Writing a crawler example using NodeJS
This article mainly explains to you how to use NodeJS to learn crawlers, and explains the usage and effects by crawling the Encyclopedia of Embarrassing Things. Let's learn together.
1. Preface analysis
Usually we use Python/.NET language to implement crawlers, but now as a front-end developer, naturally Requires proficiency in NodeJS. Let's use NodeJS language to implement a crawler for Encyclopedia of Embarrassing Things. In addition, some of the codes used in this article are es6 syntax.
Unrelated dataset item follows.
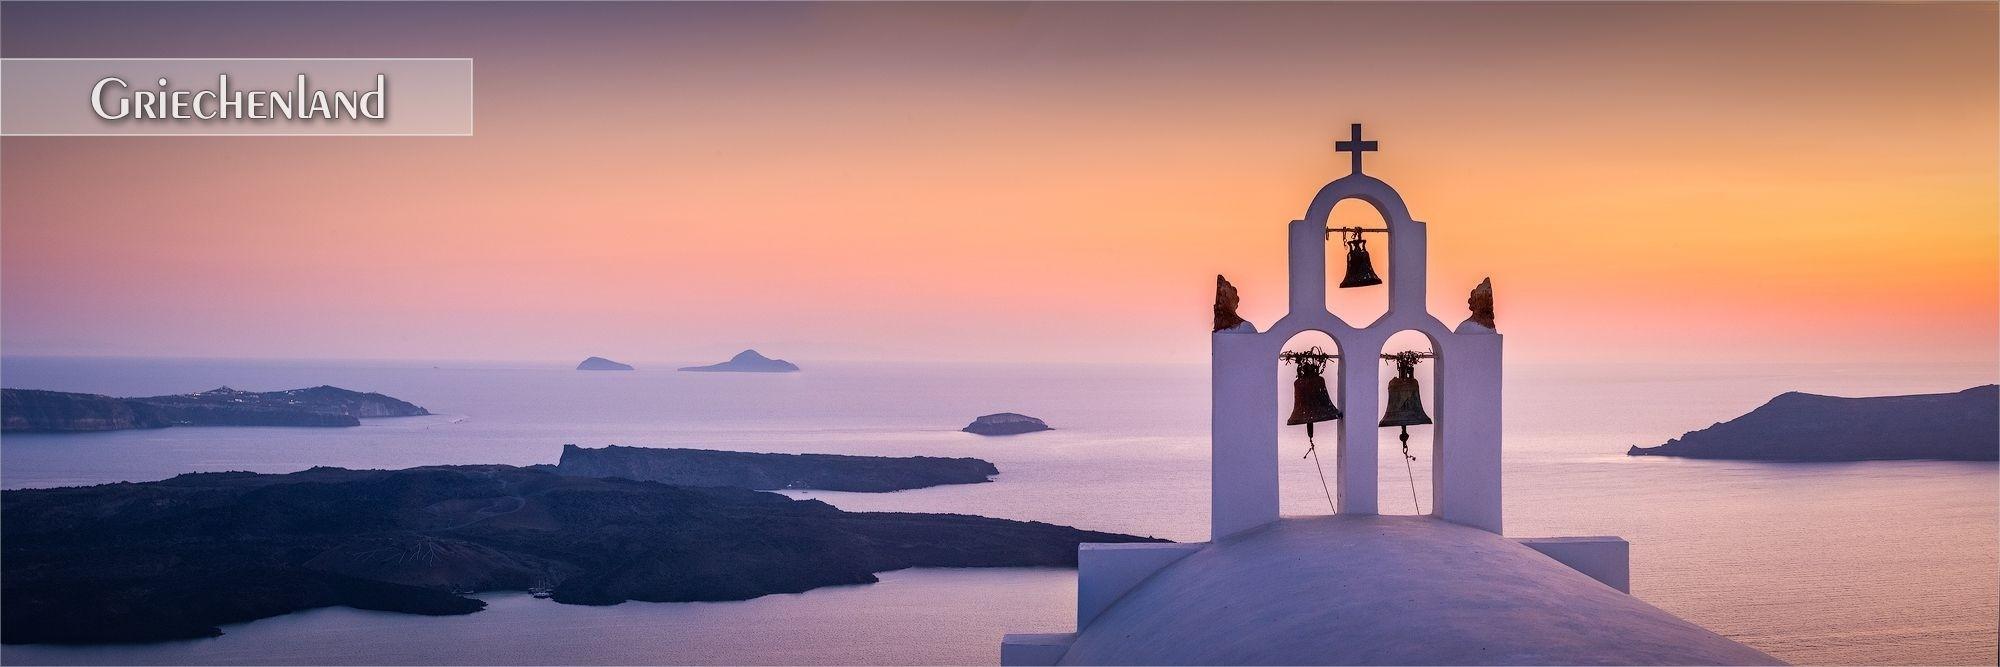 Bilder aus Griechenland als Wandbild oder Küchenrückwand

The dependent libraries required to implement this crawler are as follows.
request: Use get or post methods to obtain the source code of the web page. cheerio: Parse the web page source code and obtain the required data.
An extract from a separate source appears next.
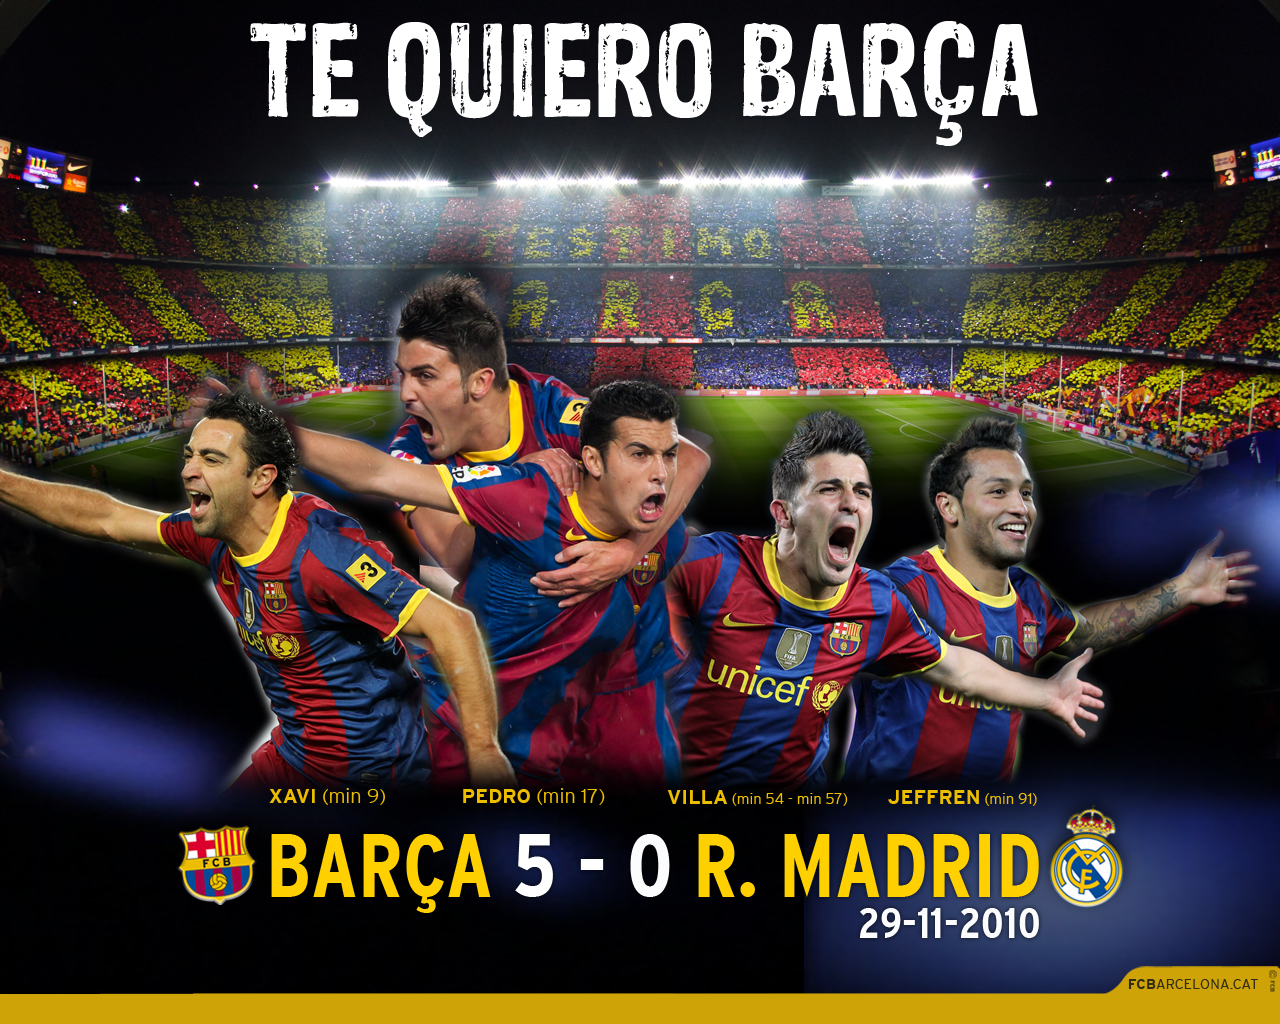 Image Result For En Vivo Barcelona Vs Real Madrid En Vivo En Vivo Online A

This article first introduces the dependency libraries required by the crawler and their use, and then uses these dependency libraries to implement a web crawler for Encyclopedia of Embarrassing Things.
2. request library
request is a lightweight http library that is very powerful and easy to use. You can use it to implement Http requests, and supports HTTP authentication, custom request headers, etc. Below is an introduction to some of the functions in the request library.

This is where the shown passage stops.